Continuous Flow Homolytic Aromatic Substitution with Electrophilic Radicals: A Fast and Scalable Protocol for Trifluoromethylation

We report an operationally simple and rapid continuous flow radical C−C bond formation under Minisci‐type reaction conditions. The transformations are performed at or below room temperature employing hydrogen peroxide (H 2 O 2 ) and dimethylsulfoxide (DMSO) as reagents in the presence of an Fe II catalyst. For electron‐rich aromatic and heteroaromatic substrates, C−C bond formation proceeds satisfactorily with electrophilic radicals including . CF 3 , . C 4 F 9 , . CH 2 CN, and . CH 2 CO 2 Et. In contrast, electron‐poor substrates exhibit minimal reactivity.
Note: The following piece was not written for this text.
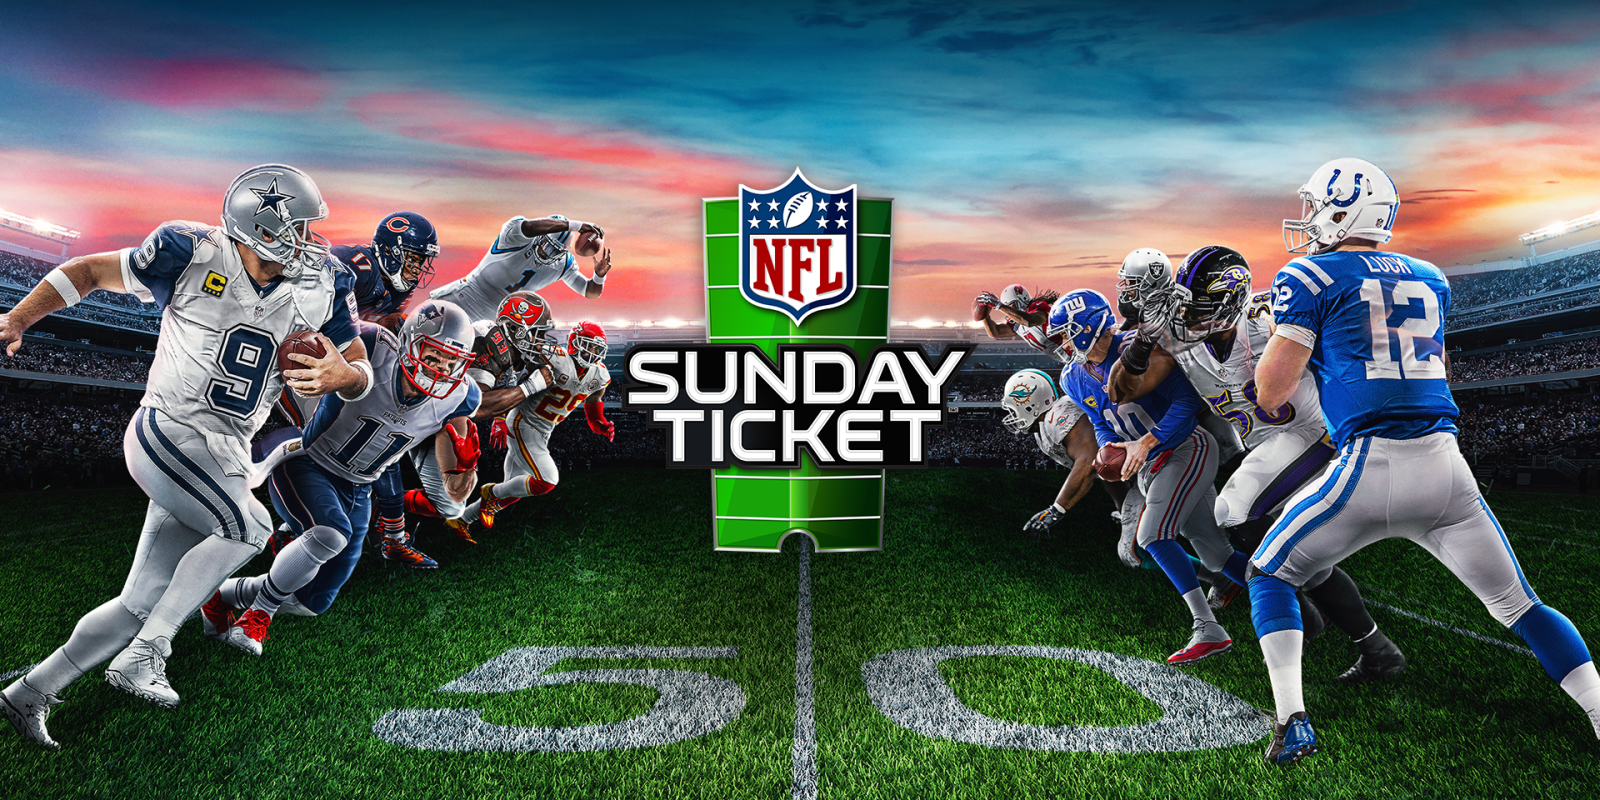 NFL Sunday Ticket returns with 50 discount for eligible students

Importantly, trifluoromethylations and nonafluororobutylations using CF 3 I and C 4 F 9 I as reagents proceed exceedingly fast with high conversion for selected substrates in residence times of a few seconds. The attractive features of the present process are the low cost of the reagents and the extraordinarily high reaction rates. The direct application of the protocol to dihydroergotamine, a complex ergot alkaloid, yielded the corresponding trifluoromethyl ergoline derivative within 12 seconds in a continuous flow microreactor on a 0.6 kg scale. The trifluoromethyl derivative of dihydroergotamine is a promising therapeutic agent for the treatment of migraines.